The Arrhenius Equation Explained

The Arrhenius equation connects activation energy, temperature, and reaction rate: k = Ae^(-Ea/RT). Here, A is the frequency factor, Ea is activation energy, R is the gas constant (8.314 J/mol·K), and T is absolute temperature.

This equation shows that small temperature increases dramatically increase reaction rates. The exponential term becomes less negative with higher temperatures, so a 10°C temperature increase typically doubles or triples reaction rates.

Using the Logarithmic Form

The logarithmic form is useful for determining Ea from experimental data: ln(k) = ln(A) - (Ea/R)(1/T). This form helps you analyze how reaction rate changes with temperature.

The frequency factor A represents how often molecules collide with proper orientation. Understanding activation energy explains why some reactions are fast while others are slow, and why heating speeds up reactions.

Connection to Catalysts

This concept introduces the importance of catalysts, which lower activation energy without being consumed in the reaction. Catalysts make reactions faster by providing an easier pathway for molecules to react.

A reaction mechanism is a series of elementary steps that, when added together, give the overall balanced equation. Elementary steps are the simplest chemical reactions that cannot be broken down further and occur in one molecular event.

Understanding Elementary Steps

Each elementary step has its own rate law determined from the stoichiometric coefficients in that step alone. The rate-determining step (RDS) is the slowest elementary step in the mechanism. It controls the overall reaction rate.

A crucial concept: The overall rate law must match the rate law determined experimentally. You cannot assume the mechanism from the stoichiometric equation alone.

Intermediates and Molecularity

Intermediates are species produced in early elementary steps and consumed in later steps. They appear in the reaction mechanism but not in the overall balanced equation.

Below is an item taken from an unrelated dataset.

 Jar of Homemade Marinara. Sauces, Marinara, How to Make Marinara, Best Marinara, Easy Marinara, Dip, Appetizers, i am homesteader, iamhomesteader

The molecularity of an elementary step is the number of molecules involved in that step. An elementary step involving two molecules is bimolecular. When adding elementary steps, species that appear on both sides (intermediates) cancel out.

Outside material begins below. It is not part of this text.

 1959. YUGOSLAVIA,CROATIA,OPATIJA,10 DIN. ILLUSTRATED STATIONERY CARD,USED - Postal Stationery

Practicing Mechanism Problems

Mastering reaction mechanisms requires careful attention to detail. You must:

• Write plausible mechanisms given an overall equation and experimental rate law
• Work backwards to verify the mechanism is correct
• Check that intermediates cancel out properly

Integrated rate laws show how concentration changes over time, unlike regular rate laws that show how rate depends on concentrations at a specific moment.

Different Reaction Orders

For zero-order reactions, the integrated form is [A] = [A]0 - kt. This produces a linear relationship between concentration and time.

For first-order reactions, the integrated form is ln[A] = ln[A]0 - kt, or [A] = [A]0e^(-kt). This creates an exponential decay pattern.

For second-order reactions, the form is 1/[A] = 1/[A]0 + kt. Each form lets you predict how long a reaction takes to reach a certain concentration.

Understanding Half-Life

Half-life is the time required for reactant concentration to decrease to half its initial value. For first-order reactions, half-life is independent of initial concentration and depends only on the rate constant: t1/2 = 0.693/k.

This means first-order reactions have constant half-lives regardless of starting concentration. Zero-order reactions have half-lives proportional to initial concentration. Second-order reactions have half-lives inversely proportional to initial concentration.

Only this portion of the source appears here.